Withhold for Grade 2 or 3 and permanently discontinue for Grade 4
hypophysitis. Administer corticosteroids for Grade 3 or 4 adrenal
insufficiency. Withhold for Grade 2 and permanently discontinue for
Grade 3 or 4 adrenal insufficiency. Administer hormone-replacement
therapy for hypothyroidism. Initiate medical management for control
of hyperthyroidism. Withhold OPDIVO for Grade 3 and permanently
discontinue for Grade 4 hyperglycemia.
In patients receiving OPDIVO 3 mg/kg with YERVOY 1 mg/kg,
hypophysitis occurred in 4.6% (25/547) of patients. In patients
receiving OPDIVO 3 mg/kg with YERVOY 1 mg/kg, adrenal insufficiency
occurred in 7% (41/547) of patients. In patients receiving OPDIVO 3
mg/kg with YERVOY 1 mg/kg, hypothyroidism or thyroiditis resulting
in hypothyroidism occurred in 22% (119/547) of patients.
Hyperthyroidism occurred in 12% (66/547) of patients receiving this
dose of OPDIVO with YERVOY. In patients receiving OPDIVO 3 mg/kg
with YERVOY 1 mg/kg, diabetes occurred in 2.7% (15/547) of
patients.
Immune-Mediated Nephritis and Renal Dysfunction
OPDIVO can cause immune-mediated nephritis. Monitor patients for
elevated serum creatinine prior to and periodically during
treatment. Administer corticosteroids for Grades 2-4 increased
serum creatinine. Withhold OPDIVO for Grade 2 or 3 and permanently
discontinue for Grade 4 increased serum creatinine. In patients
receiving OPDIVO 3 mg/kg with YERVOY 1 mg/kg, immune-mediated
nephritis and renal dysfunction occurred in 4.6% (25/547) of
patients.
Immune-Mediated Skin Adverse Reactions and Dermatitis
OPDIVO can cause immune-mediated rash, including Stevens-Johnson
syndrome (SJS) and toxic epidermal necrolysis (TEN), some cases
with fatal outcome. Administer corticosteroids for Grade 3 or 4
rash. Withhold for Grade 3 and permanently discontinue for Grade 4
rash. For symptoms or signs of SJS or TEN, withhold OPDIVO and
refer the patient for specialized care for assessment and
treatment; if confirmed, permanently discontinue. In patients
receiving OPDIVO 3 mg/kg with YERVOY 1 mg/kg, immune-mediated rash
occurred in 16.6% (91/547) of patients.
Immune-Mediated Encephalitis
OPDIVO can cause immune-mediated encephalitis.
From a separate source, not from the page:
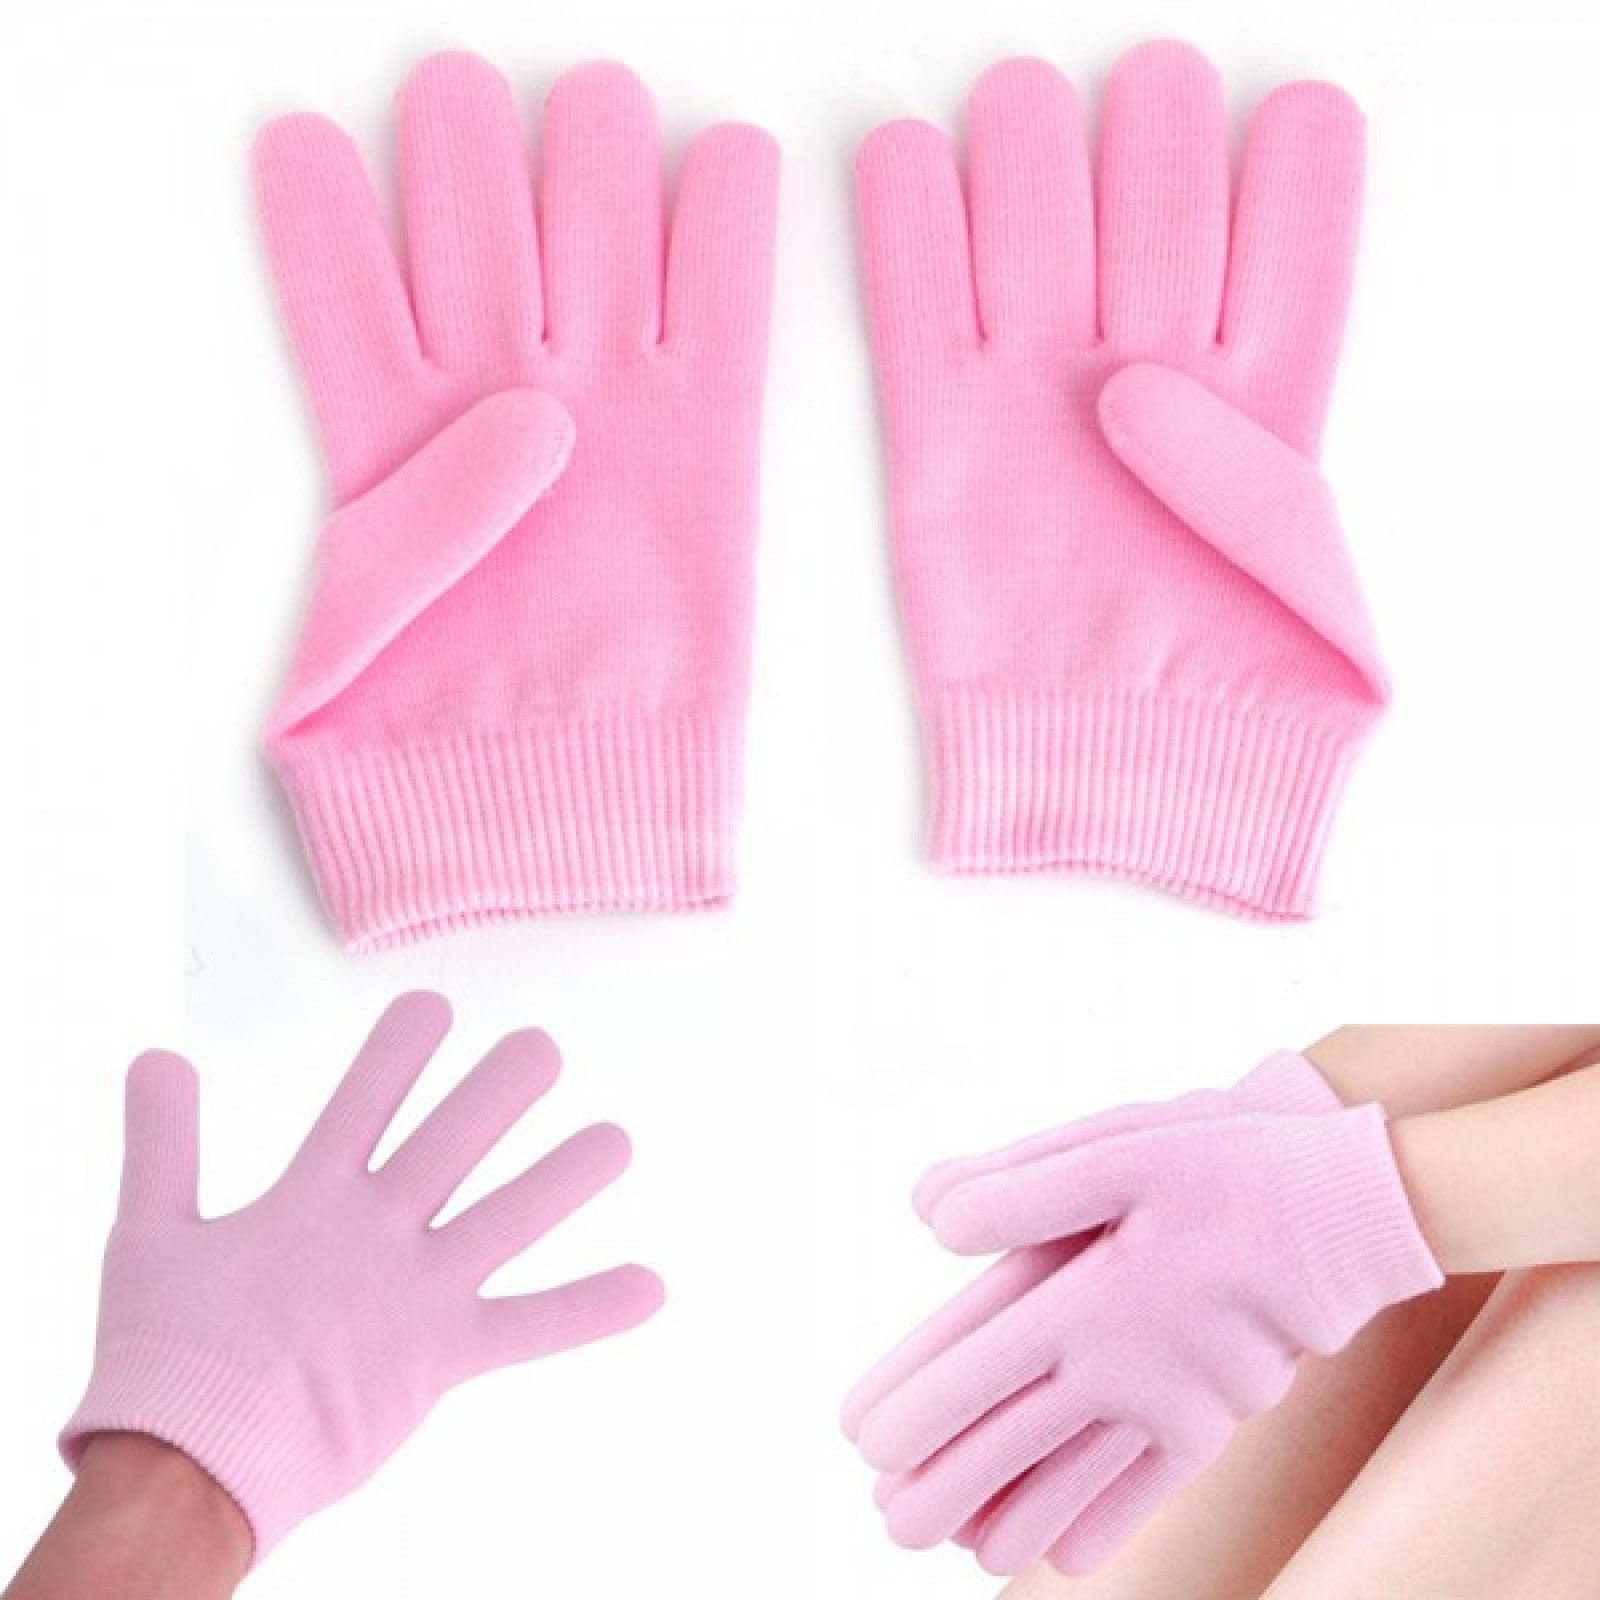 Перчатки Spa Gel Gloves 201371

Evaluation of
patients with neurologic symptoms may include, but not be limited
to, consultation with a neurologist, brain MRI, and lumbar
puncture. Withhold OPDIVO in patients with new-onset moderate to
severe neurologic signs or symptoms and evaluate to rule out other
causes. If other etiologies are ruled out, administer
corticosteroids and permanently discontinue OPDIVO for
immune-mediated encephalitis. Encephalitis occurred in one patient
receiving OPDIVO 3 mg/kg with YERVOY 1 mg/kg (0.2%) after
approximately 4 months of exposure.
Other Immune-Mediated Adverse Reactions
Based on the severity of the adverse reaction, permanently
discontinue or withhold OPDIVO, administer high-dose
corticosteroids, and, if appropriate, initiate hormone-replacement
therapy. Across clinical trials of OPDIVO monotherapy or in
combination with YERVOY, the following clinically significant
immune-mediated adverse reactions, some with fatal outcome,
occurred in <1.0% of patients receiving OPDIVO: myocarditis,
rhabdomyolysis, myositis, uveitis, iritis, pancreatitis, facial and
abducens nerve paresis, demyelination, polymyalgia rheumatica,
autoimmune neuropathy, Guillain-Barré syndrome, hypopituitarism,
systemic inflammatory response syndrome, gastritis, duodenitis,
sarcoidosis, histiocytic necrotizing lymphadenitis (Kikuchi
lymphadenitis), motor dysfunction, vasculitis, aplastic anemia,
pericarditis, and myasthenic syndrome.
If uveitis occurs in combination with other immune-mediated
adverse reactions, consider a Vogt-Koyanagi-Harada-like syndrome,
which has been observed in patients receiving OPDIVO and may
require treatment with systemic steroids to reduce the risk of
permanent vision loss.
Infusion Reactions
OPDIVO can cause severe infusion reactions, which have been
reported in <1.0% of patients in clinical trials. Discontinue
OPDIVO in patients with Grade 3 or 4 infusion reactions.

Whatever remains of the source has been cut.